Author: Wayne Winegarden


If lawmakers want to make pharmaceuticals more affordable, they should look past populist policies like price controls that will only make matters worse and set their sights on reforming the Pharmacy Benefit Manager market.


PBMs manage the drug benefits for insurers and negotiate discounts with drug manufacturers. You probably use one every time you go to the pharmacy to get your medications refilled and don’t even realize it. The top three PBMs, which process about 80% of all prescription claims, are health conglomerates that include major insurance companies.

PBMs argue that their negotiations lower drug costs, which logically makes sense but fails to account for an essential question: whose costs? When it comes to the drug market, this distinction is everything.


When PBMs negotiate discounts with manufacturers, they consider the resulting net prices to be proprietary information and keep consumers in the dark.

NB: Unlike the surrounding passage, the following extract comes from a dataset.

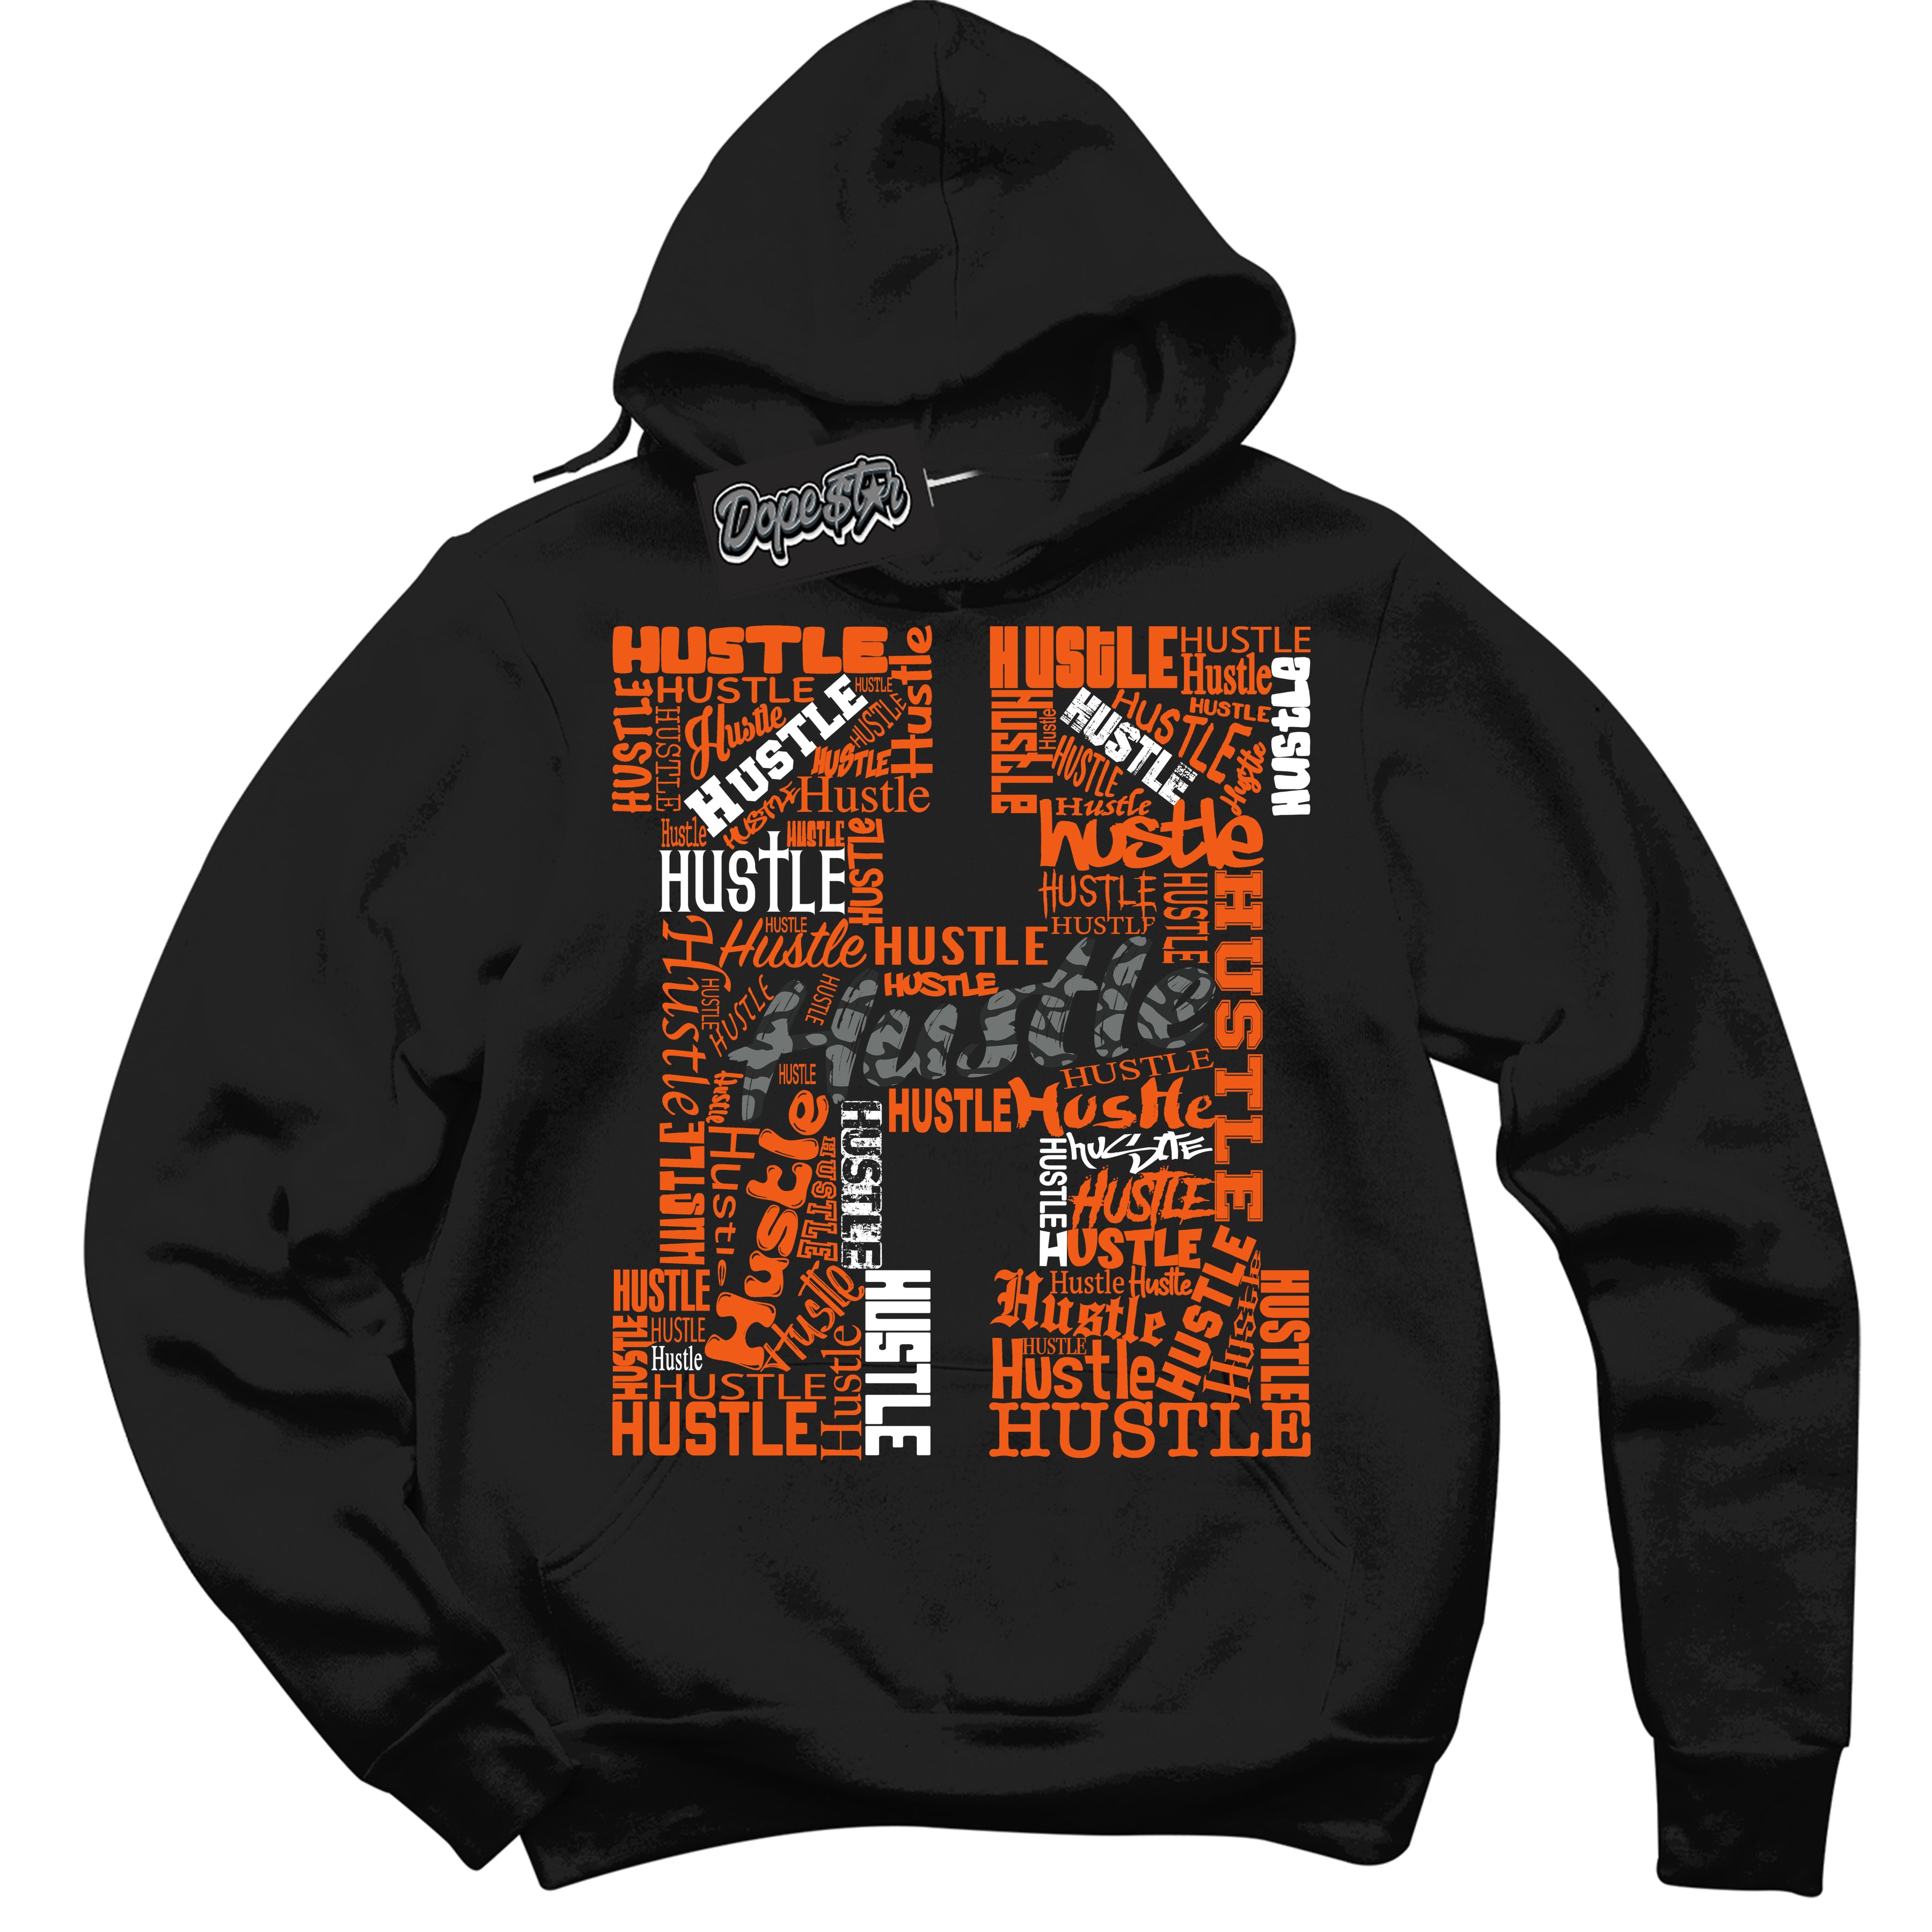 Cool Black Graphic DopeStar Hoodie with “  Hustle H  “ print, that perfectly matches Fear Pack 3s sneakers

Consequently, the actual prices paid for medicines are not widely known. Since the actual transaction prices are unknown, discounts that would benefit patients in a properly functioning market are actually raising patients’ out-of-pocket spending.


Such a bizarre outcome occurs because patients’ costs are tied to the only visible price – the drugs’ list prices. But these prices exclude the negotiated discounts. As a result, a patient whose health insurance requires a 20% co-insurance payment will spend $20 for a drug with a list price of $100. However, the actual drug cost is not $100. On average, total rebates and discounts for a drug are around 50% of the list price. So, the total cost of the drug is really $50, not $100.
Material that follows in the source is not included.